By Wayne Nelson and Jeremy Self

For Reporter Newspapers

In all its glory, fanfare and controversy, the 2008 Summer Olympics have finally arrived — and they’re online! NBC is broadcasting more than 2,000 hours of live events and 3,000 hours of On-Demand recorded video over the next 17 days, and you can watch it all on your computer! Suffice it to say, the digital smorgasbord of viewable events is a techie’s dream-come-true!

Not only will you be able to watch the events you want, when you want, but you’ll be able to watch up to four events at once with picture-in-picture functionality. But wait, there’s more. When nature calls you’ll be able to pause the live video, return and resume watching without having missed any magical Olympic moments. This is all made possible thanks to Microsoft’s new media technology called Silverlight.

Before you ask — yes, the Olympics will still be on TV. But where’s the challenge in that? In this interactive age, we’ve come to expect and desire a certain level of choice-based, active participation with our news and entertainment – beyond the remote control. So, welcome to your new digital playground — at least for the next two-and-a-half weeks.

OK, so how does this Olympics online thing work? I’m glad you asked!

Before we begin: SETUP IS A REALLY SIMPLE AND FREE THREE-STEP PROCESS! Now you have no excuses – unless you’re still on dial-up, in which case refer to the section on watching the Olympics on TV and regard the rest of this article as an educational piece.

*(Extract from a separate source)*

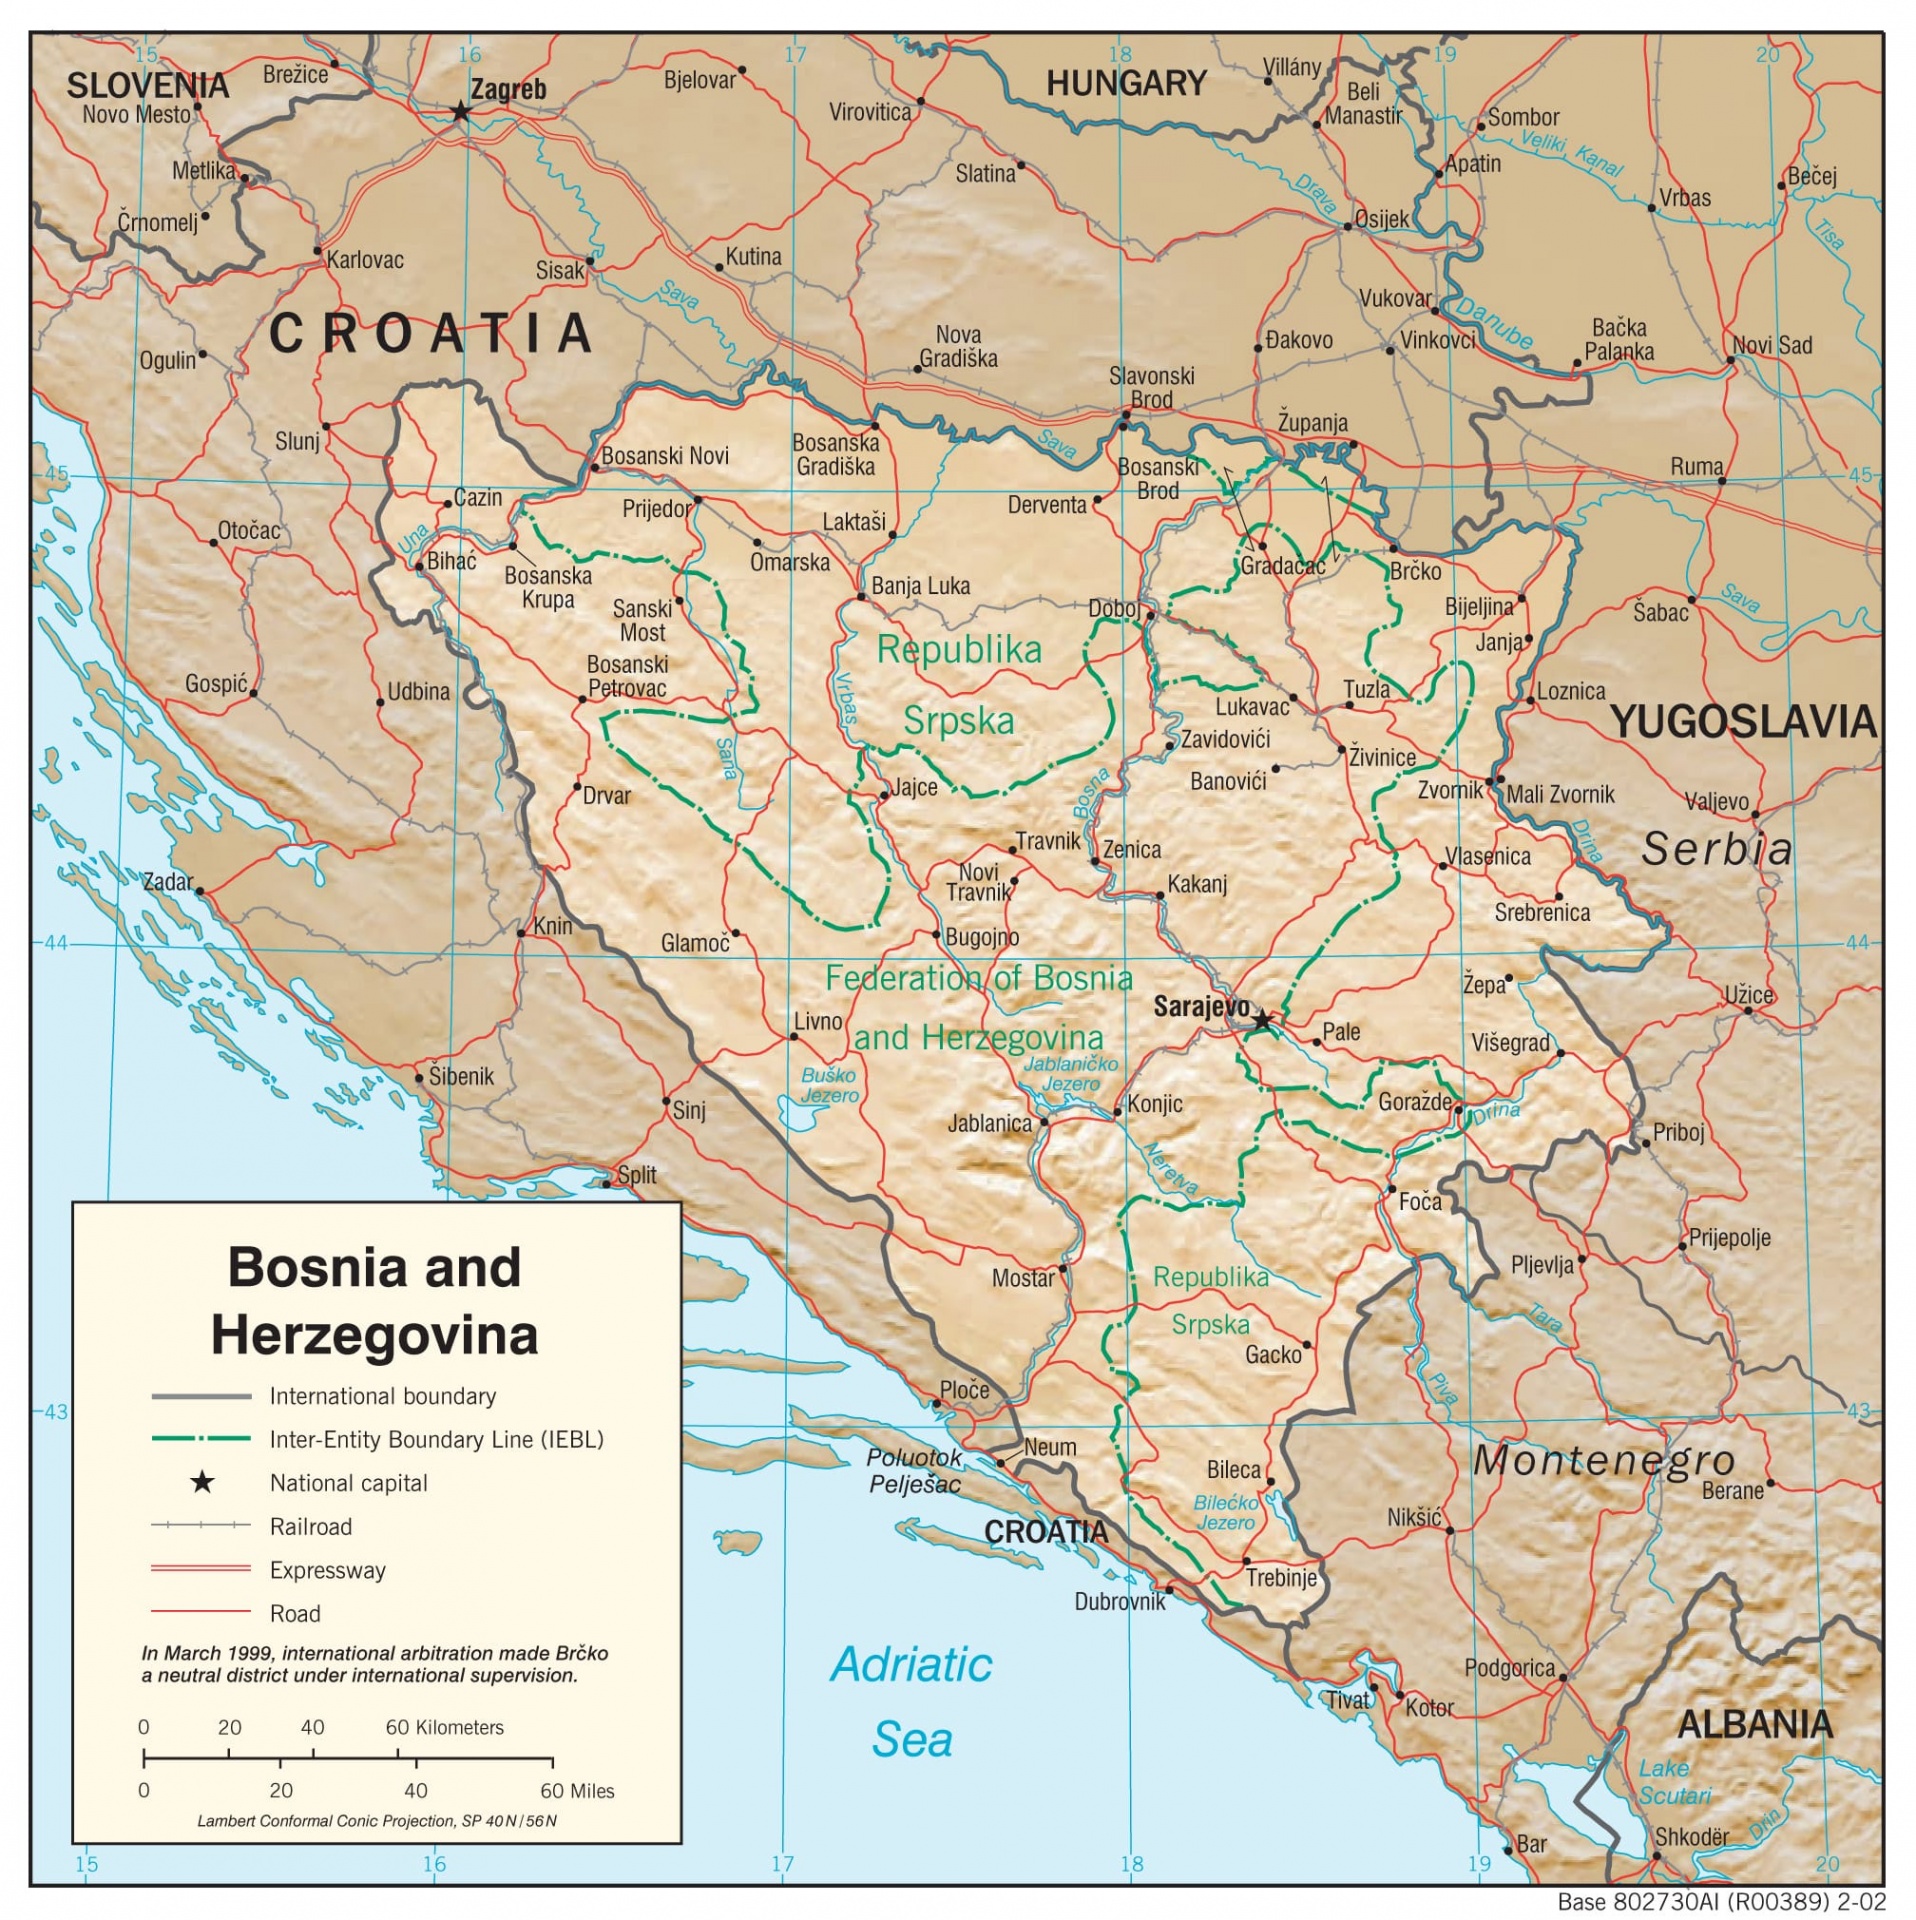 Bosnia and Herzegovina Physiography Map

Let’s begin! Point your browser to www.nbcolympics.com. You’ll be taken to the de facto website for all things Olympics. On the right side of the Web page under the navigation bar, you’ll find the “Sign Up For Live Olympic Video” area. Click in the ‘Enter Zip Code’ text bar, do as requested and click “GO.” You are then taken to a screen asking you to select your TV provider from a list. Select the radio button for your provider and click “NEXT” (This should be straightforward, but if it’s not, call your provider.) Lastly, confirm your selection with a final radio button and click “SAVE.” You’re done!

You will be taken to the NBC Olympics Post Localization web page, where you will be given the options for “Live Video,” “Olympic News From Your Home Town” and “Olympic TV & Online Listings.” On the left side of this page, you’ll find an alphabetical listing for every sport in the games – from archery to wrestling.

From the “Live Video” page, you can search for videos by several criteria; set e-mail and/or mobile phone alerts to inform you 30 minutes prior to the start of your selected event; and link to a “Full Streaming Schedule” page.

From the “Olympic News From Your Home Town,” you are provided with snippets of news and event results that have a local flavor based on your setup preferences.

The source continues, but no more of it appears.